United States District Court, N.D. Alabama, Southern Division

July 13, 2018

ELIA A. AGUNDIS, Plaintiff,
v.
JOHN LEON RICE, Defendant.

          MEMORANDUM OPINION

          JOHN E. OTT CHIEF UNITED STATES MAGISTRATE JUDGE

         Plaintiff Elia Agundis, acting pro s e, has sued John Leon Rice in his official and individual capacities for numerous alleged intentional torts and criminal and civil rights violations. (Doc. 68).[1] This action was originally filed in the Southern District of Alabama, but was transferred to this court due to a lack of jurisdiction over the claims. (Doc. 62). Rice has filed two motions to dismiss the second amended complaint on various grounds. (Docs. 76 & 78). Rice has also filed a motion to strike Agundis's brief filed in response to one of the motions to dismiss. (Doc. 89). For the reasons stated below, the court finds that the motion to strike is moot and the motions to dismiss are due to be granted and this case dismissed.

         I. STANDARD OF REVIEW

         To the extent Rice challenges this court's personal jurisdiction over him pursuant to Federal Rule of Civil Procedure 12(b)(2), the court must undertake a two-step inquiry. The court is required to determine whether “the exercise of jurisdiction (1) [is] appropriate under the state long-arm statute and (2) does not violate the Due Process Clause of the Fourteenth Amendment to the United States Constitution.” United Techs. Corp. v. Mazer, 556 F.3d 1260, 1274 (11th Cir. 2009).

         To the extent Rice challenges whether the second amended complaint states a claim upon which relief can be granted pursuant to Federal Rule of Civil Procedure Rule 12(b)(6), the “issue is not whether a plaintiff will ultimately prevail but whether the claimant is entitled to offer evidence to support the claims.” Little v. City of North Miami, 805 F.2d 962, 965 (11th Cir. 1986) (quoting Scheur v. Rhodes, 416 U.S. 232, 236 (1974) (internal quotation marks omitted)). In considering a motion to dismiss, the court assumes the factual allegations in the complaint are true and gives the plaintiff the benefit of all reasonable factual inferences. Hazewood v. Foundation Financial Group, LLC, 551 F.3d 1223, 1224 (11th Cir. 2008).

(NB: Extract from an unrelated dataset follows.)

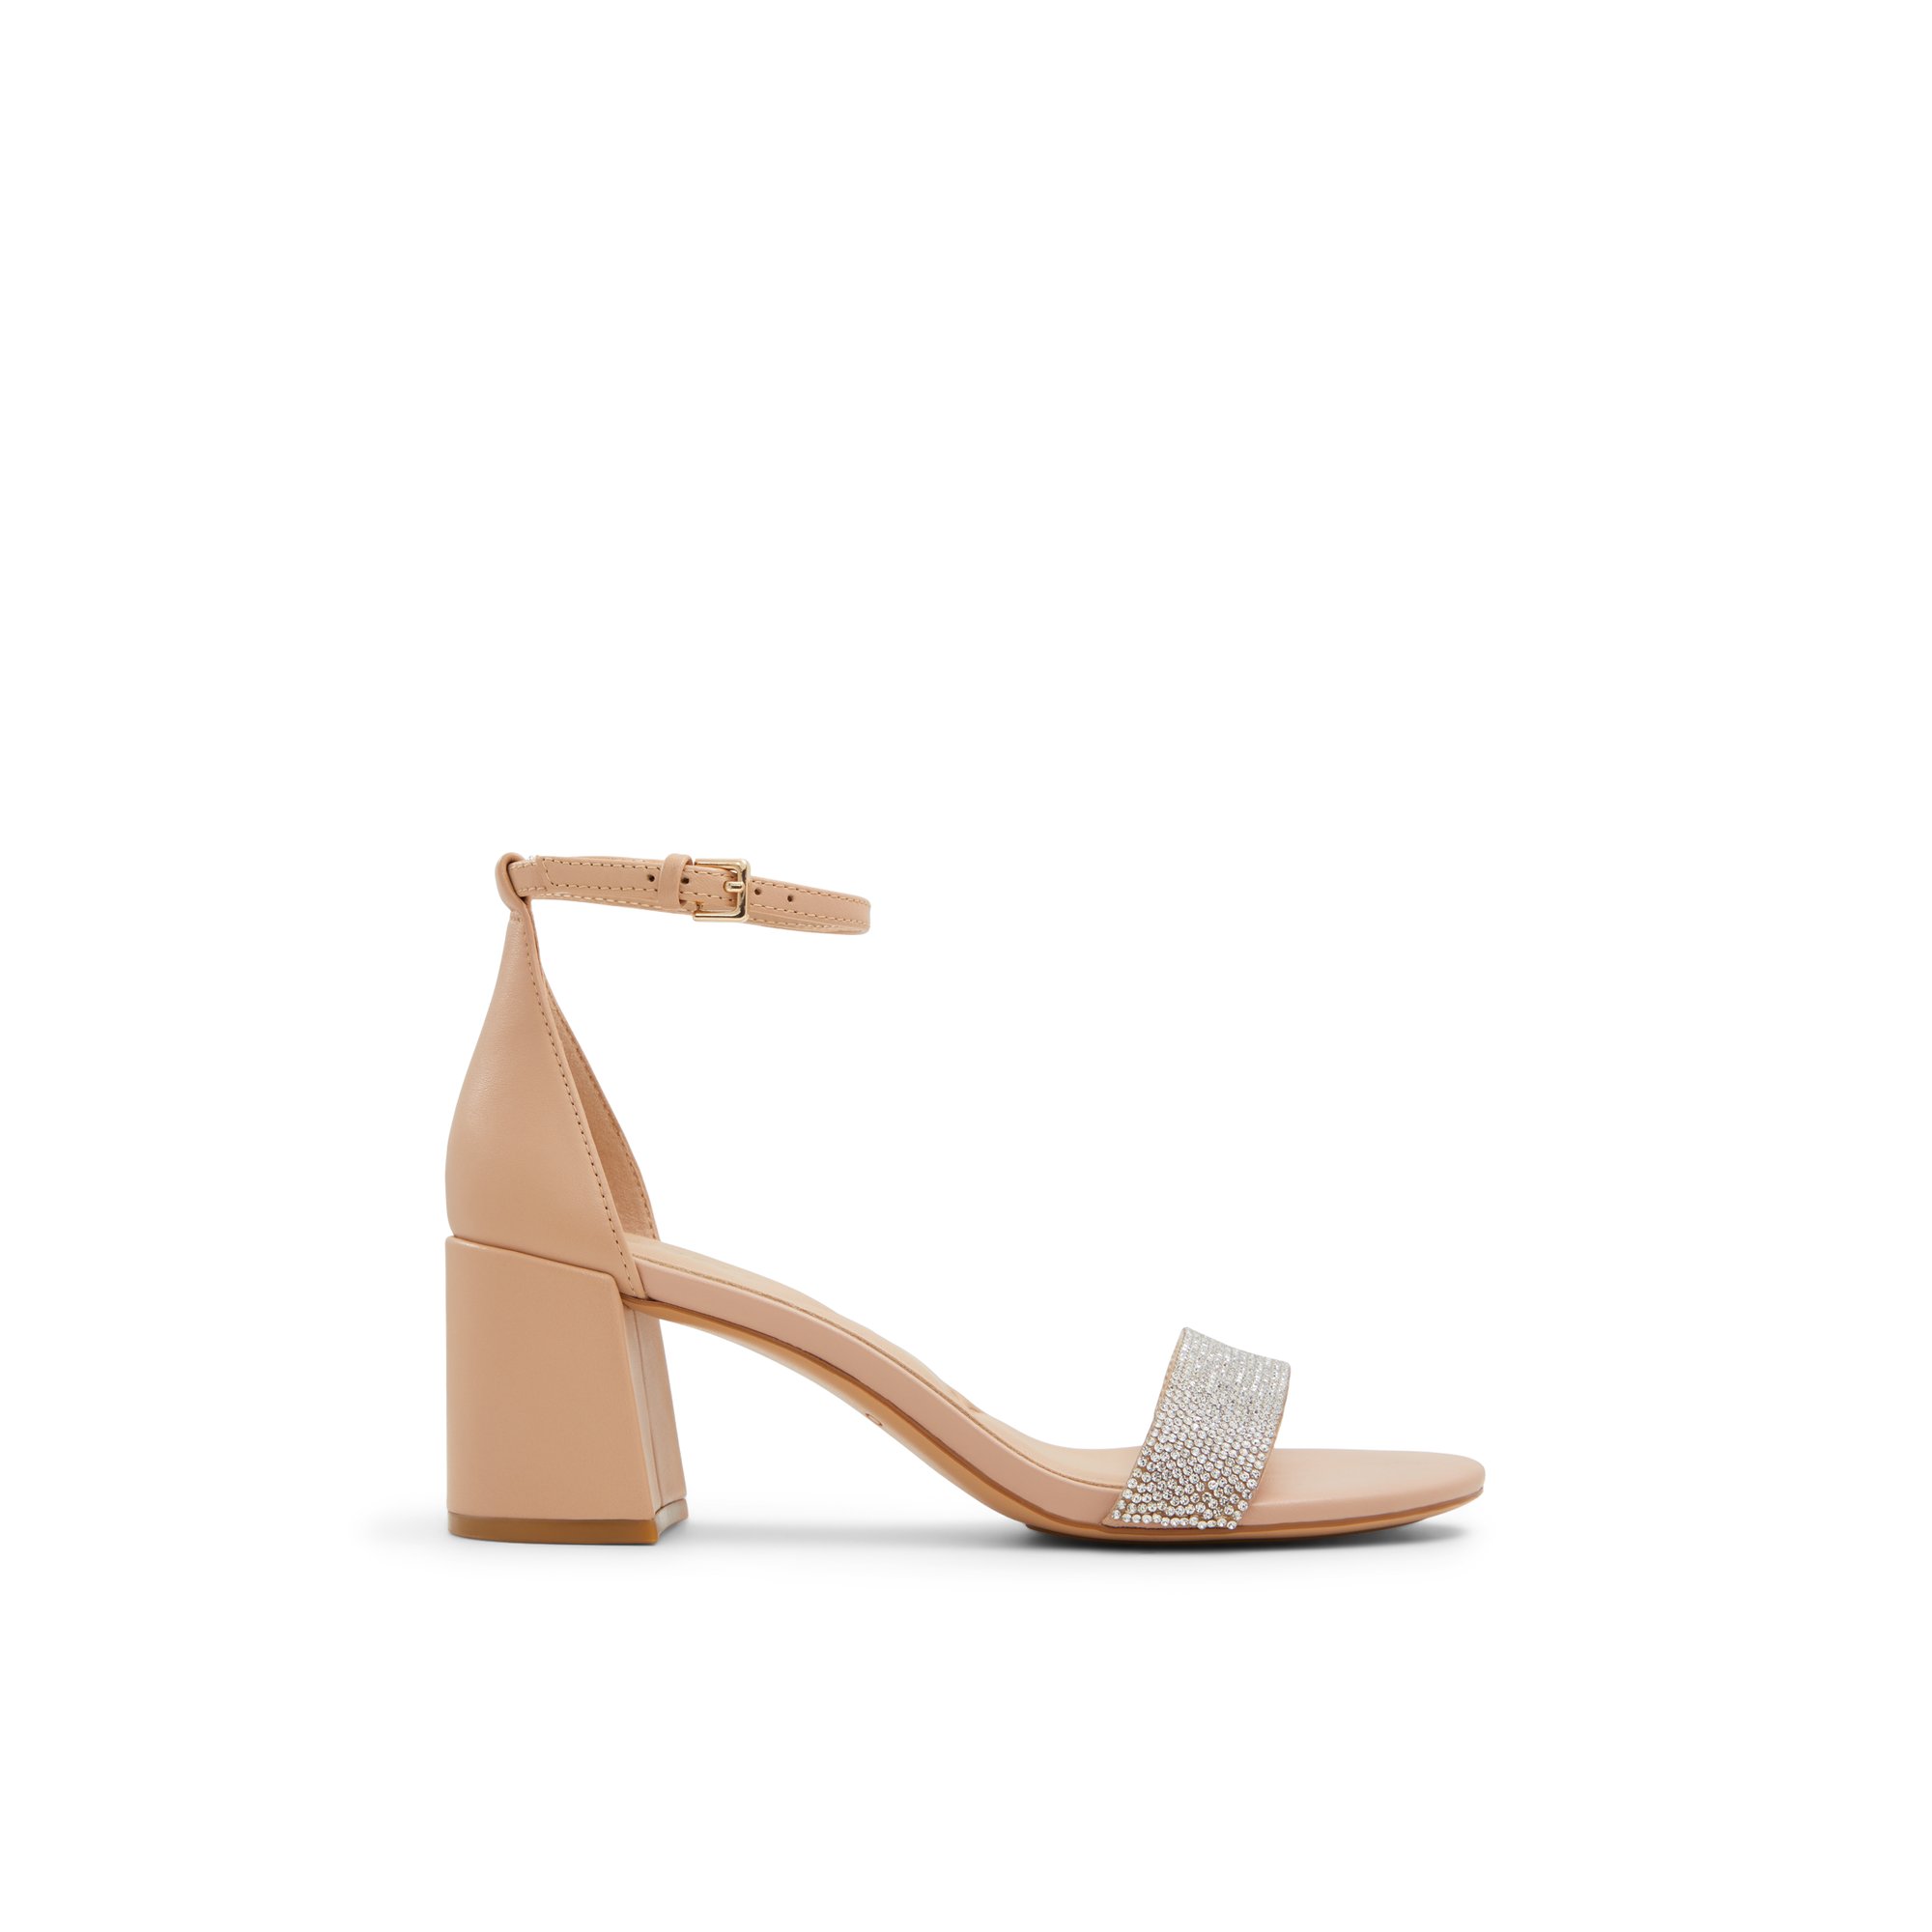 ALDO Pristine - Women's Strappy Sandal Sandals - Beige

         Rule 12(b)(6) is read in light of Rule 8(a)(2), which requires “a short and plain statement of the claim showing that the pleader is entitled to relief, ” in order to “give the defendant fair notice of what the . . . claim is and the grounds upon which it rests.” See Bell Atl. Corp. v. Twombly, 550 U.S. 544, 555 (2007) (quoting Conley v. Gibson, 355 U.S. 41, 47 (1957)) (internal quotation marks omitted). “While a complaint attacked by a Rule 12(b)(6) motion to dismiss does not need detailed factual allegations, a plaintiff's obligation to provide the grounds of his entitlement to relief requires more than labels and conclusions, and a formulaic recitation of the elements of a cause of action will not do.” Twombly, 550 U.S. at 555 (citations, brackets, and internal quotation marks omitted). “Factual allegations must be enough to raise a right to relief above the speculative level....” Id. Thus, “a complaint must contain sufficient factual matter, accepted as true, to ‘state a claim to relief that is plausible on its face, '” i.e., its “factual content ... allows the court to draw the reasonable inference that the defendant is liable for the misconduct alleged.” Ashcroft v. Iqbal, 556 U.S. 662, 678 (2009) (citations omitted). “The plausibility standard is not akin to a ‘probability requirement,' but it asks for more than a sheer possibility that a defendant has acted unlawfully.” Id. (quoting Twombly, 550 U.S. at 557).

         II. AGUNDIS'S CLAIMS

         Agundis alleges multiple claims against Rice in both his individual and official capacities, including a conspiracy to commit assault; assault and battery; trespass; “aggravated cruelty to animals;” witness tampering; “crossing state boundaries to [a] violate protection order;” stalking, breaking and entering; rape; sexual assault; intentional infliction of emotional distress; and outrage. (Doc. 68). The events are alleged to have occurred while Rice was a police officer with the City of Columbus, Mississippi or while he was a deputy sheriff with the Oktibbeha County, Mississippi Sheriff's Department. (Id. at ¶ 1). Agundis appears to be seeking relief, at least in part, pursuant to 42 U.S.C. § 1983. (Id. at 21).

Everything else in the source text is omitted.